This week, JLF’s Jon Guze published a research brief on the criminal risk assessment tools many judges and magistrates use to aid in their pretrial bail decisions. In North Carolina, as in many states, judges and magistrates must decide whether or not to release someone until their trial, set bail, and/or detain the accused based on their likelihood of returning for trial and likelihood of reoffending during the interim. Guze explains:

Critics of the current system claim that magistrates and judges systematically err on the side of caution, and, as a result, too many defendants are unnecessarily detained prior to trial. The critics may well be right. Making the right pretrial determination in every case would be hard under the best of circumstances, but it’s made even harder by the fact that, in most jurisdictions, it must be done for large numbers of defendants in quick succession.

To improve matters, a growing number of magistrates and judges, including some in North Carolina, have been using computerized risk assessment tools to help them make objective decisions based on data rather than intuition.

These tools analyze sets of relevant statistical information and assign accused individuals a relative risk factor. Judges use these risk factors to aid in their pretrial decisions. These tools have caused much debate in the criminal justice community. For instance, Guze quotes from a joint statement released last month by more than two dozen academics, suggesting judicial decision-makers discontinue the use of these risk assessment tools:

Actuarial pretrial risk assessments suffer from serious technical flaws that undermine their accuracy, validity, and effectiveness… To generate predictions, risk assessments rely on deeply flawed data, such as historical records of arrests, charges, convictions, and sentences. This data is neither a reliable nor a neutral measure of underlying criminal activity. Decades of research have shown that, for the same conduct, African-American and Latinx people are more likely to be arrested, prosecuted, convicted and sentenced to harsher punishments than their white counterparts. Risk assessments that incorporate this distorted data will produce distorted results. These problems cannot be resolved with technical fixes. We strongly recommend turning to other reforms.

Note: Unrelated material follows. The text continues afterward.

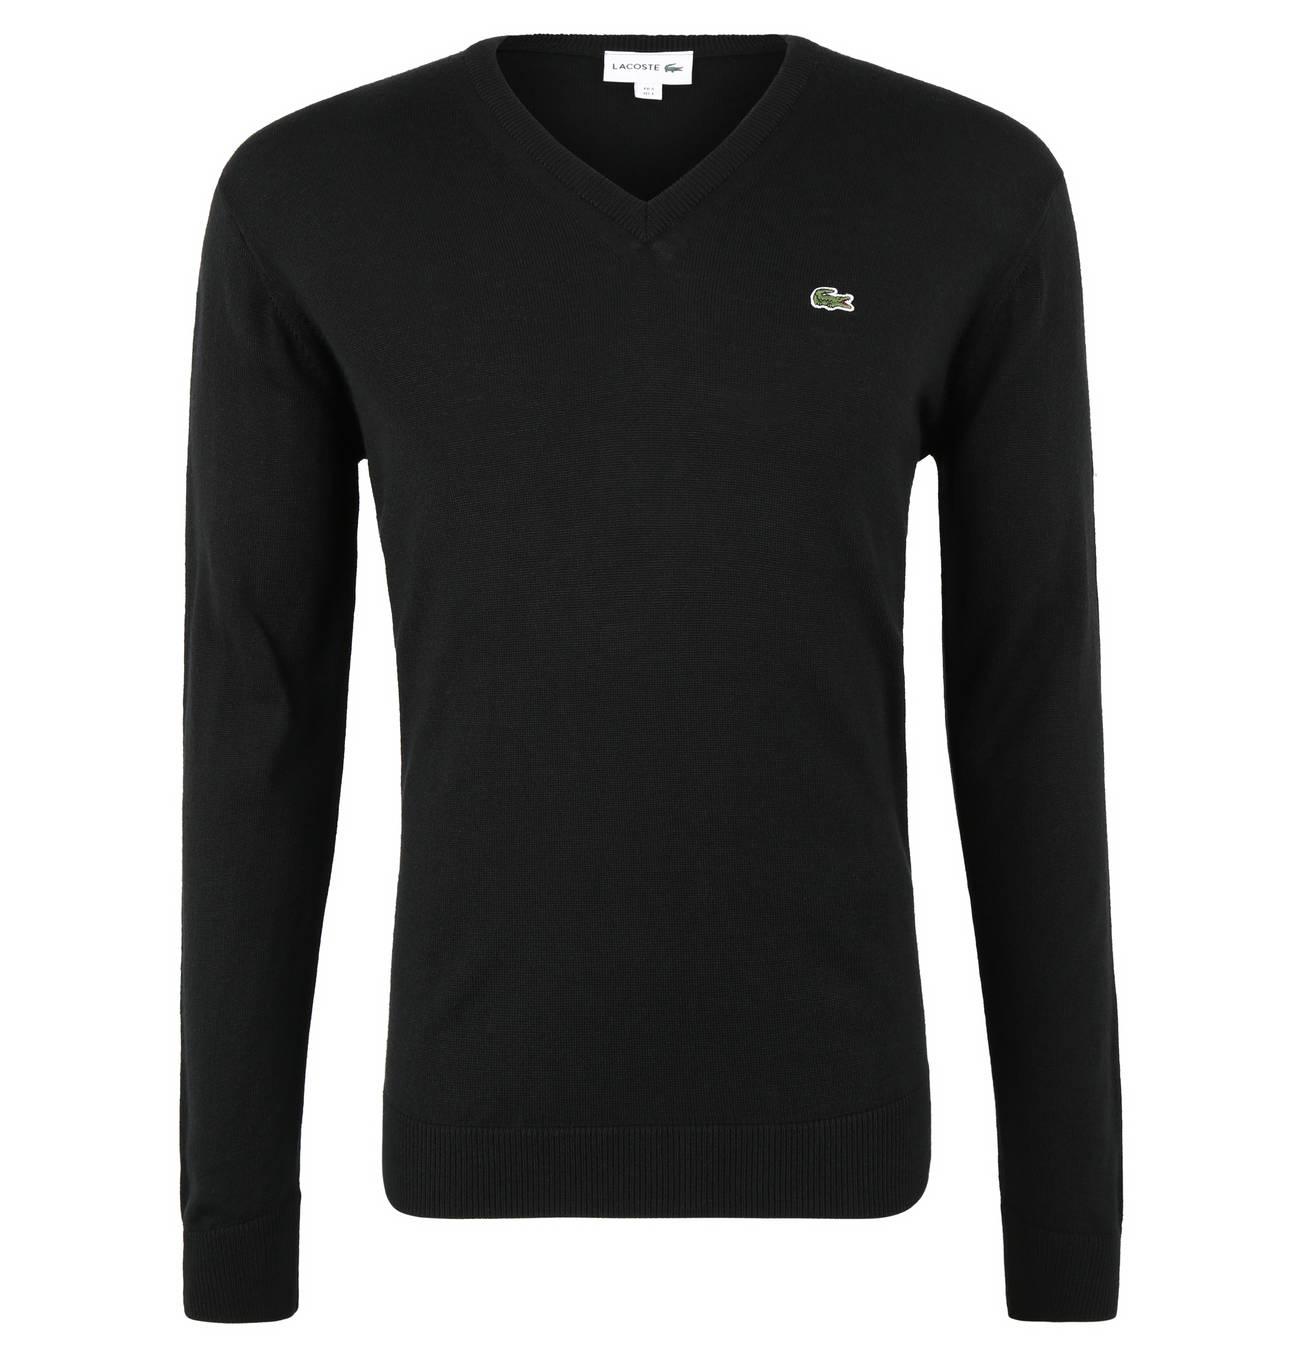 Jesse James 1563 Herren Strick Pullover Sweater Fitness
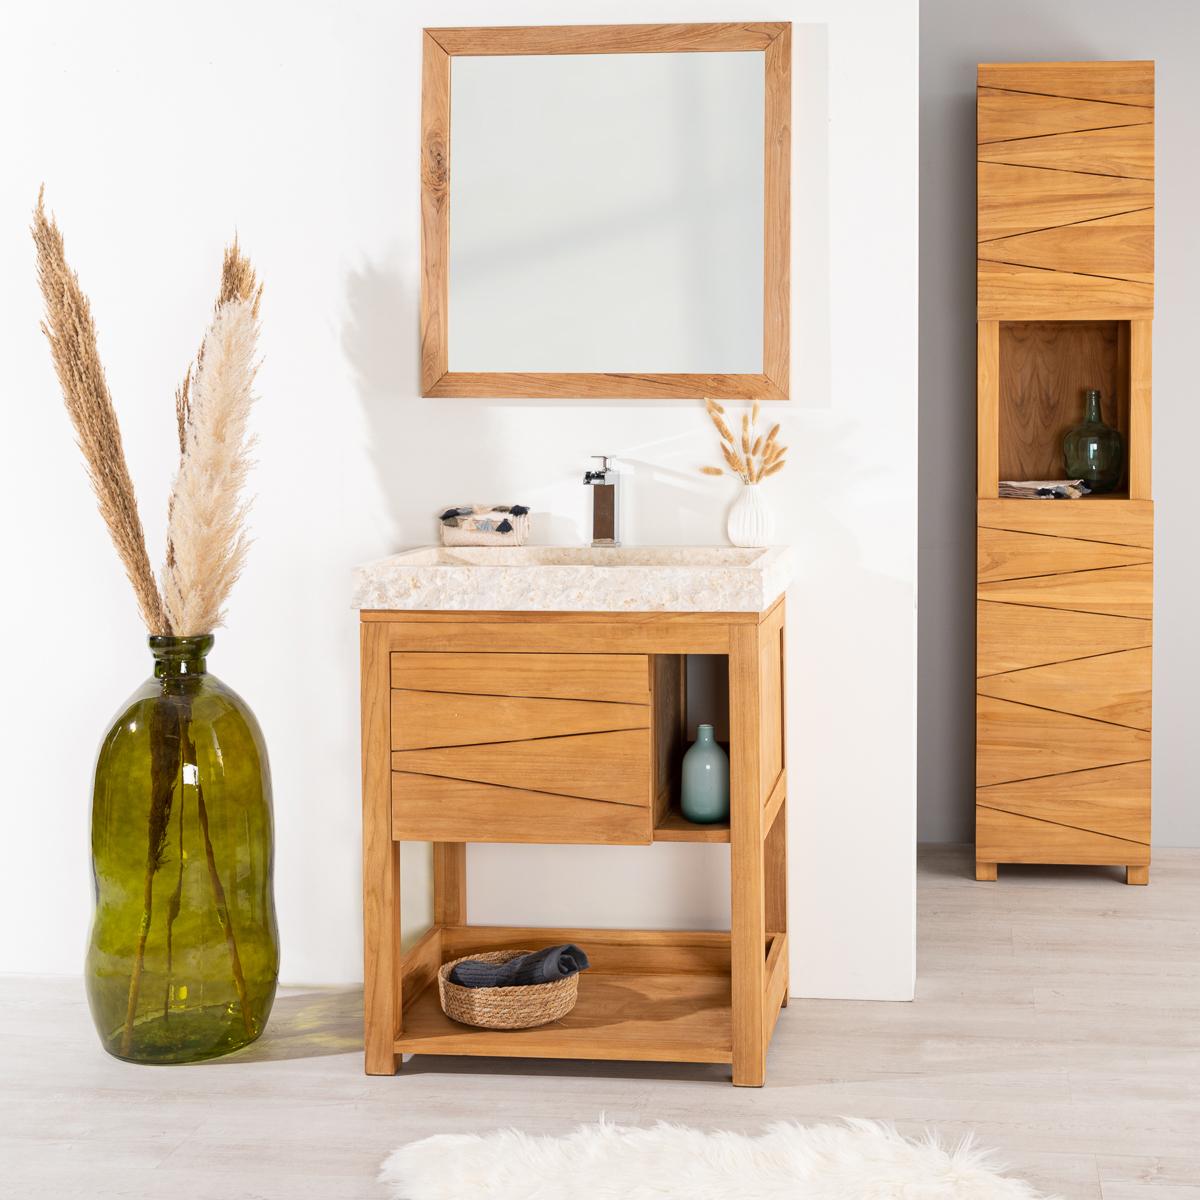 mueble de teca maciza cosy 67 cm lavabo crema

According to Guze, three local academics—Sarah Desmarais, professor at NCSU, and Brandon Garrett and Cynthia Rudin, two professors at Duke—responded with their own joint statement. On the matter of criminal history, the professors explain:

The authors also criticize the use of criminal history data in pretrial risk assessment. … However, that is exactly the kind of information that judges consider when they don’t have the benefit of these tools. One would be hard-pressed to find a set of bail and sentencing guidelines that does not include criminal history as a major component in a person’s pretrial release determination or sentence.

To call risk assessment fundamentally flawed suggests that we should abandon reforms and keep things the way they are. Instead, we need to give judges better information. No human being is an expert predictor. Relying on empirical data is far superior to going with one’s gut, if it is the right data, carefully analyzed, and presented in such a way as to minimize bias. In fact, statistical tools can be specially designed to help reduce the biases that are — obviously — inherent in the data…

Risk assessment tools and the promise they hold to improve on judges’ and magistrates’ current decision-making processes should not be dismissed simply because they aren’t yet perfect.

Guze agrees with the approach these local professors take in their statement. Guze writes:

By taking the kind of common-sensical, fact-driven approach advocated by Desmarais, Garrett, and Rudin, a bipartisan coalition of criminal justice reform advocates have accomplished a great deal over the last fifteen years, not just here in North Carolina, and across the country. Extreme, ideologically driven posturing could destroy that coalition and make future criminal justice reform much more difficult.